Preface
The script of this article is to analyze the access log of nginx, mainly to check the number of visits to the site uri. The results of the check will be provided to the R&D personnel for reference, because when it comes to For analysis, regular expressions must be used, so friends who have not been exposed to regular expressions are asked to supplement their brains. Because it involves the content of regular expressions, it is really impossible to expand on it. The content of regular expressions is too huge, and it is not a two-part article. The article can be written clearly.
Before we begin, let’s take a look at the log structure to be analyzed:
127.0.0.1 - - [19/Jun/2012:09:16:22 +0100] "GET /GO.jpg HTTP/1.1" 499 0 "http://domain.com/htm_data/7/1206/758536.html" "Mozilla/4.0 (compatible; MSIE 7.0; Windows NT 5.1; Trident/4.0; .NET CLR 1.1.4322; .NET CLR 2.0.50727; .NET CLR 3.0.4506.2152; .NET CLR 3.5.30729; SE 2.X MetaSr 1.0)" 127.0.0.1 - - [19/Jun/2012:09:16:25 +0100] "GET /Zyb.gif HTTP/1.1" 499 0 "http://domain.com/htm_data/7/1206/758536.html" "Mozilla/4.0 (compatible; MSIE 6.0; Windows NT 5.1; QQDownload 711; SV1; .NET4.0C; .NET4.0E; 360SE)"
This is the modified log Content and sensitive content have been deleted or replaced, but it does not affect our analysis results. Of course, the format does not matter. Nginx access logs can be customized, and each company may be slightly different, so you must understand The key is to modify the content of the script and apply it to your own work. The log format I gave is just a reference. I bet the log format you see on your company's server is definitely different from mine. After reading the log Format, we are starting to write our script
I will post the code first and explain it later:
import re from operator import itemgetter def parser_logfile(logfile): pattern = (r'' '(\d+.\d+.\d+.\d+)\s-\s-\s' #IP address '\[(.+)\]\s' #datetime '"GET\s(.+)\s\w+/.+"\s' #requested file '(\d+)\s' #status '(\d+)\s' #bandwidth '"(.+)"\s' #referrer '"(.+)"' #user agent ) fi = open(logfile, 'r') url_list = [] for line in fi: url_list.append(re.findall(pattern, line)) fi.close() return url_list def parser_urllist(url_list): urls = [] for url in url_list: for r in url: urls.append(r[5]) return urls def get_urldict(urls): d = {} for url in urls: d[url] = d.get(url,0)+1 return d def url_count(logfile): url_list = parser_logfile(logfile) urls = parser_urllist(url_list) totals = get_urldict(urls) return totals if __name__ == '__main__': urls_with_counts = url_count('example.log') sorted_by_count = sorted(urls_with_counts.items(), key=itemgetter(1), reverse=True) print(sorted_by_count)
Script explanation, parser_logfile()
The function is to analyze the log and return a list of matching lines. The regular part will not be explained. You should know what it matches by looking at the comments. parser_urllist()
The function is to get the url visited by the user, get_urldict()
The function is to return a dictionary with url as the key. If the key is the same, the value is increased by 1, and the returned dictionary is the sum of each url and the largest Number of visits, url_count()
The function is to call the previously defined function. In the main function part, let’s talk about itemgetter, which can sort by specified elements.
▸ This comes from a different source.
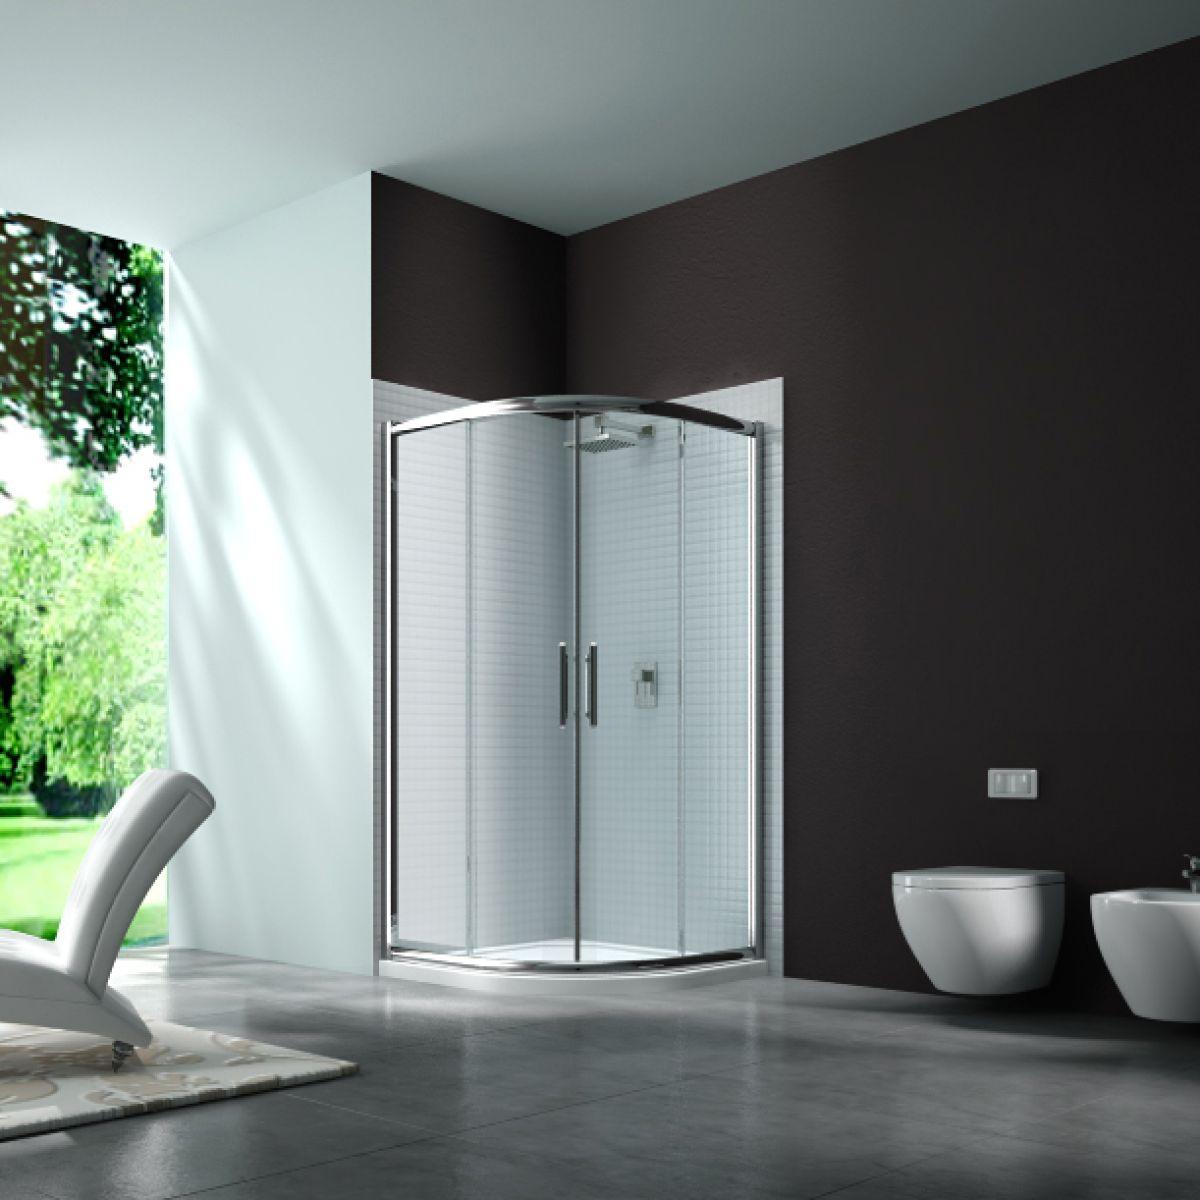 Merlyn Series 6 Double Door Quadrant Shower Enclosure

You can understand it with an example:
>>> from operator import itemgetter >>> a=[('b',2),('a',1),('c',0)] >>> s=sorted(a,key=itemgetter(1)) >>> s [('c', 0), ('a', 1), ('b', 2)] >>> s=sorted(a,key=itemgetter(0)) >>> s [('a', 1), ('b', 2), ('c', 0)]
The reverse=True parameter indicates descending order, that is, sorting from large to small. The script running result is:
[('http://domain.com/htm_data/7/1206/758536.html', 141), ('http://domain.com/?q=node&page=12', 3), ('http://website.net/htm_data/7/1206/758536.html', 1)]
For more articles related to python regular analysis of nginx access logs, please pay attention to the PHP Chinese website!